Four AI Systems Pass 7 of 10 Math Problems in First Proof Benchmark
Updated
Updated · The Washington Post · Jun 14
Four AI Systems Pass 7 of 10 Math Problems in First Proof Benchmark
1 articles · Updated · The Washington Post · Jun 14
Summary
Seven of 10 unpublished research problems received a passing AI solution in First Proof’s second benchmark, based on work from four systems graded by 30 mathematicians at Harvard.
The project used privately solved but unpublished problems to test AI under controlled conditions and give mathematicians a more transparent check on company claims about breakthrough performance.
First Proof said some answers were flawless or novel, one used a strategy that impressed referees, while other attempts failed or needed minor revisions.
The results land weeks after OpenAI said an internal model disproved an 80-year-old Erdős conjecture, intensifying debate over whether AI is a threat to mathematics or a powerful but limited tool.
Researchers behind the benchmark said models still lag humans in choosing worthwhile questions, setting broader agendas and failing gracefully when a proof attempt breaks down.
With AI solving problems humans can't, what is the future role for mathematicians?
As AI conquers math's biggest challenges, who will control the tools that define truth?
If an AI proves a theorem that no human can understand, is it still mathematical progress?

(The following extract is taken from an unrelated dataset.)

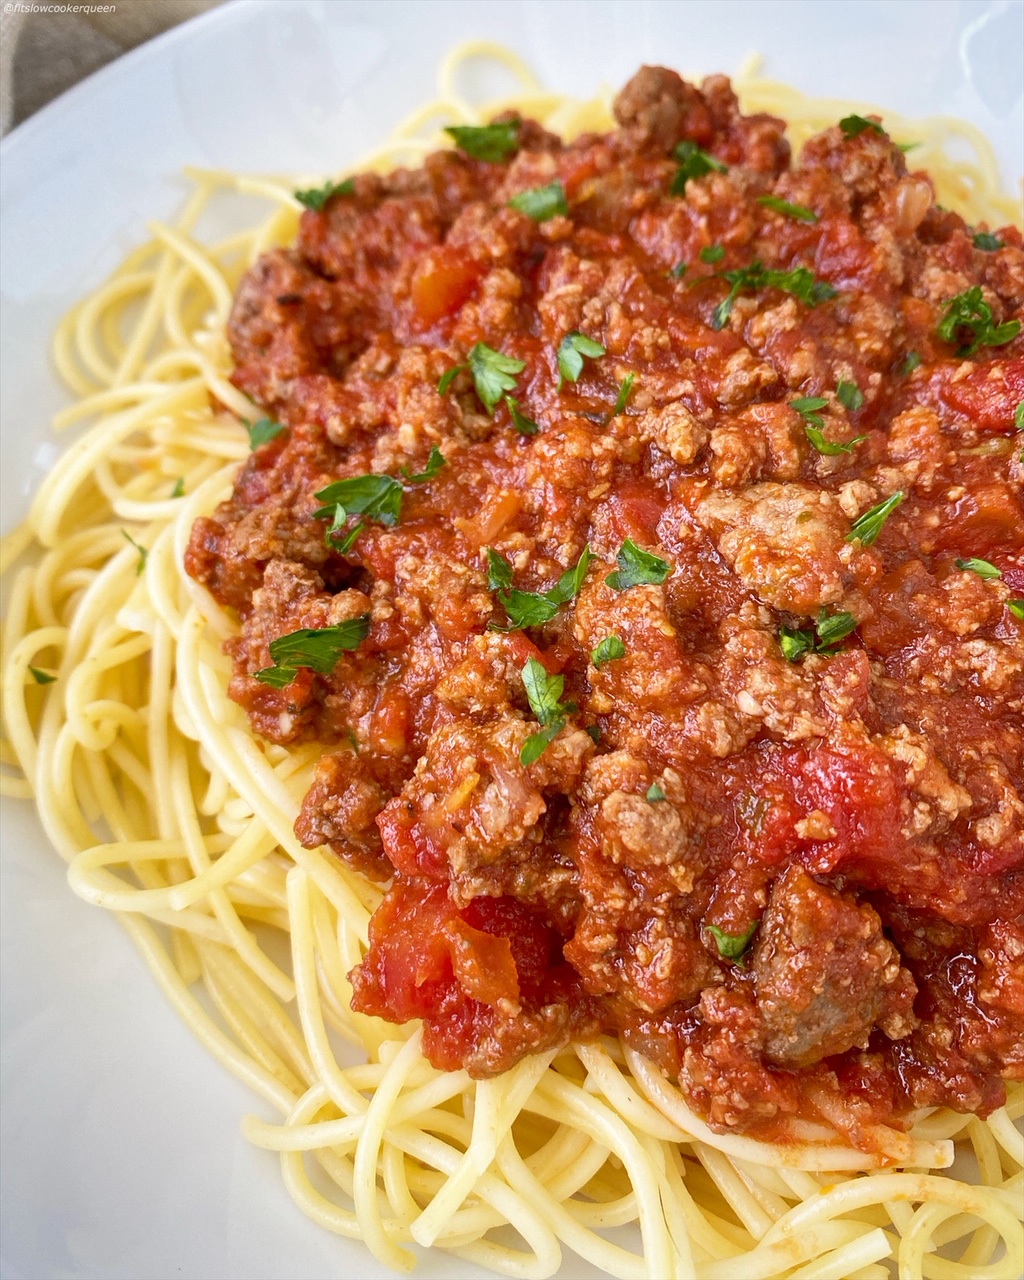 meat sauce over spaghetti noodles in a white bowl

"First Proof Benchmark: How AI is Reshaping Mathematical Discovery and Human Collaboration (2026)"
Overview
The "First Proof" benchmark, launched in early 2026, marks a major step in measuring AI's true mathematical abilities. Designed by leading mathematicians, it uses real, unpublished research problems to test AI systems in a fair and challenging way. This approach ensures that AI is evaluated on novel and complex questions, not just recycled or artificial ones. While the benchmark shows that AI can solve some advanced problems, it also highlights key challenges—such as the difficulty of communicating with AI and the risk of machines producing many incorrect proofs. These findings reveal both the promise and the limits of AI in mathematics.